■ Aim of the task
Starting at the line with "a person is", return every line through the final one of the data, word for word. Pictures stay out.

■ Recorded data
================================

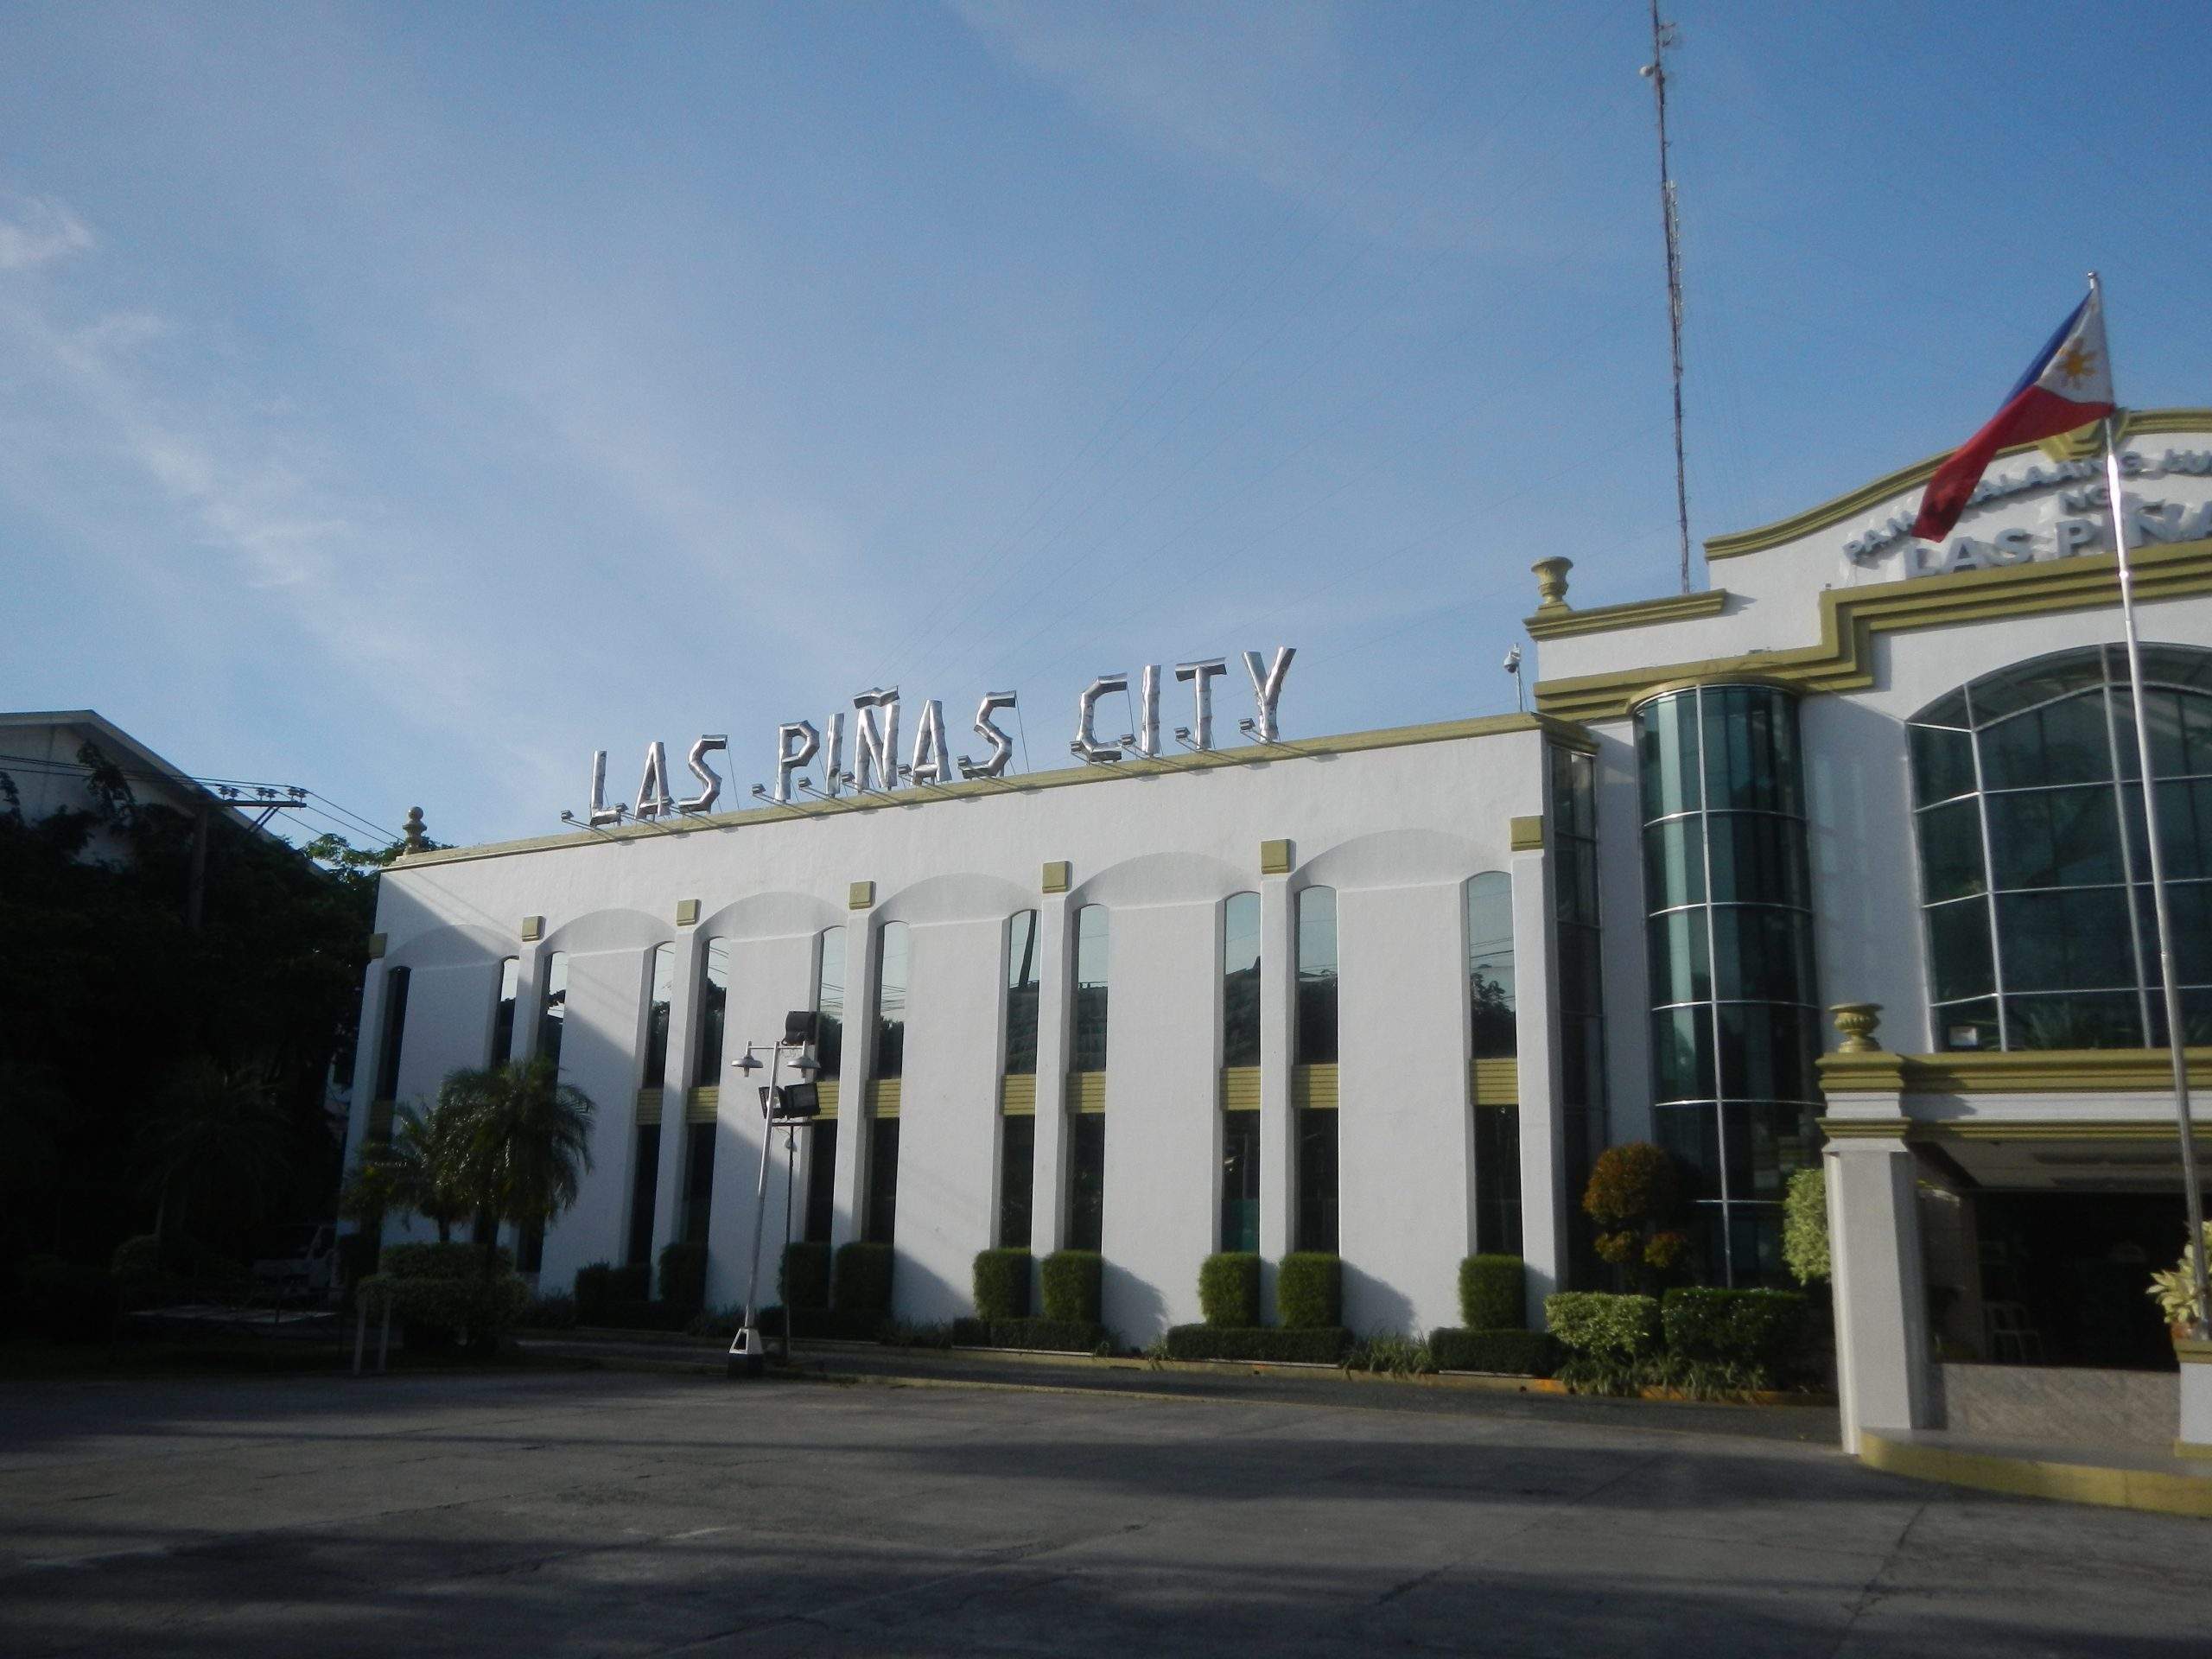 Las Pinas City: The Perfect Destination for Culture, History, and Adventure Seekers
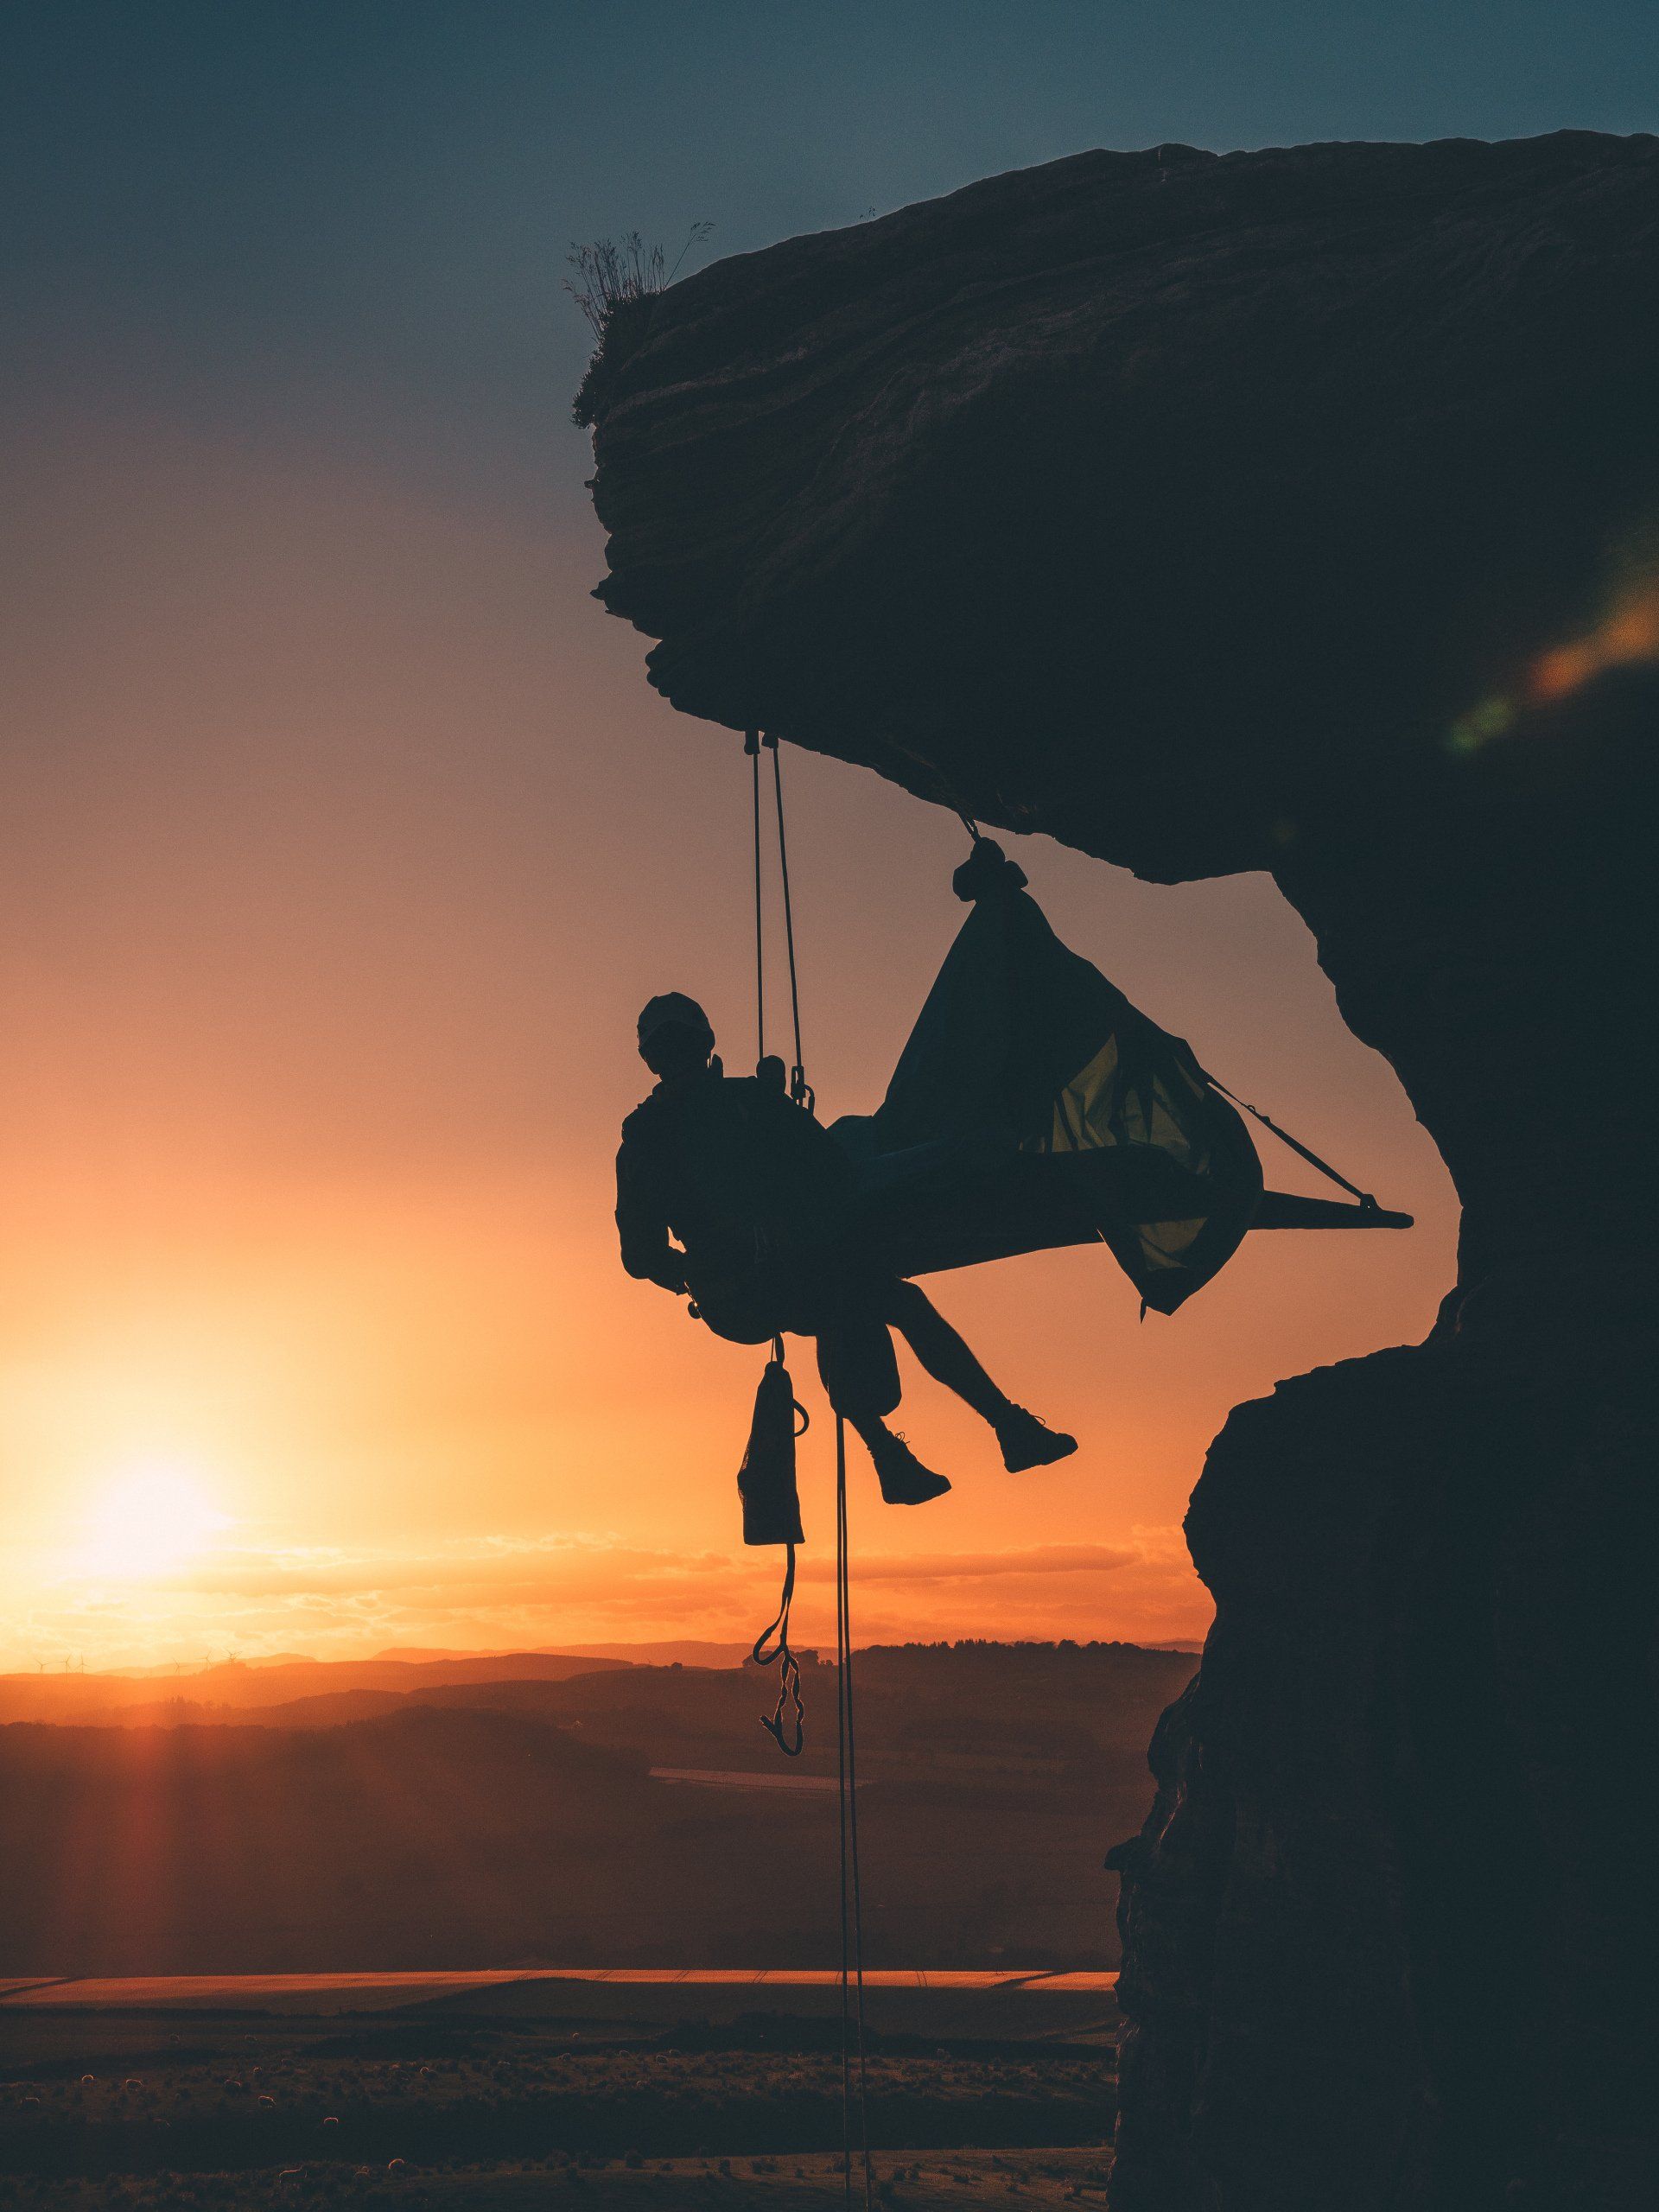 a person is sitting in a tent on a cliff at sunset with a rescue worker using ropes t access.
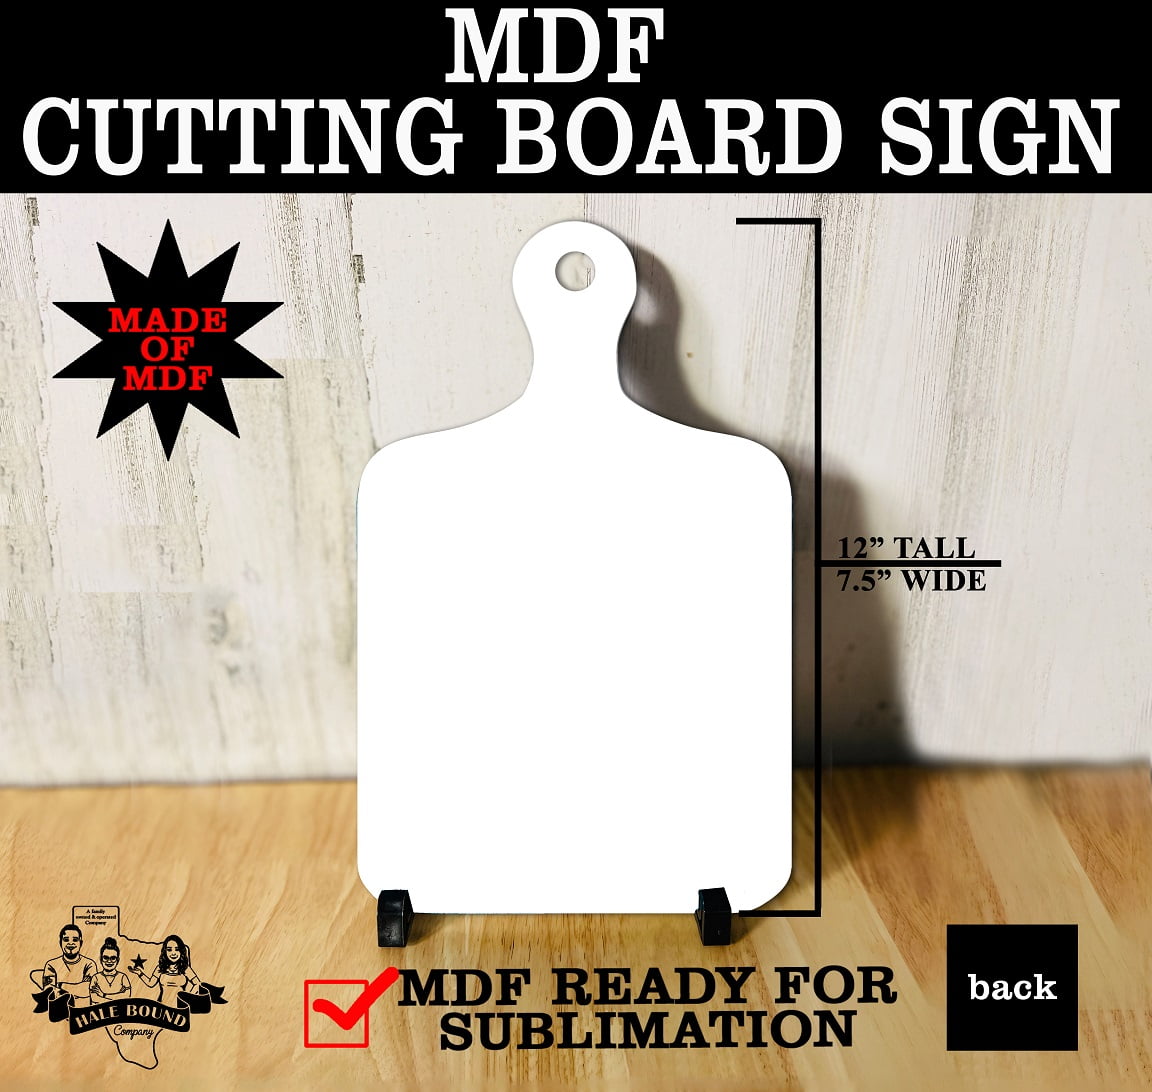 CUTTING BOARD SIGN - BLANK FOR SUBLIMATION

================================

■ Output for this task
 a person is sitting in a tent on a cliff at sunset with a rescue worker using ropes t access.
 CUTTING BOARD SIGN - BLANK FOR SUBLIMATION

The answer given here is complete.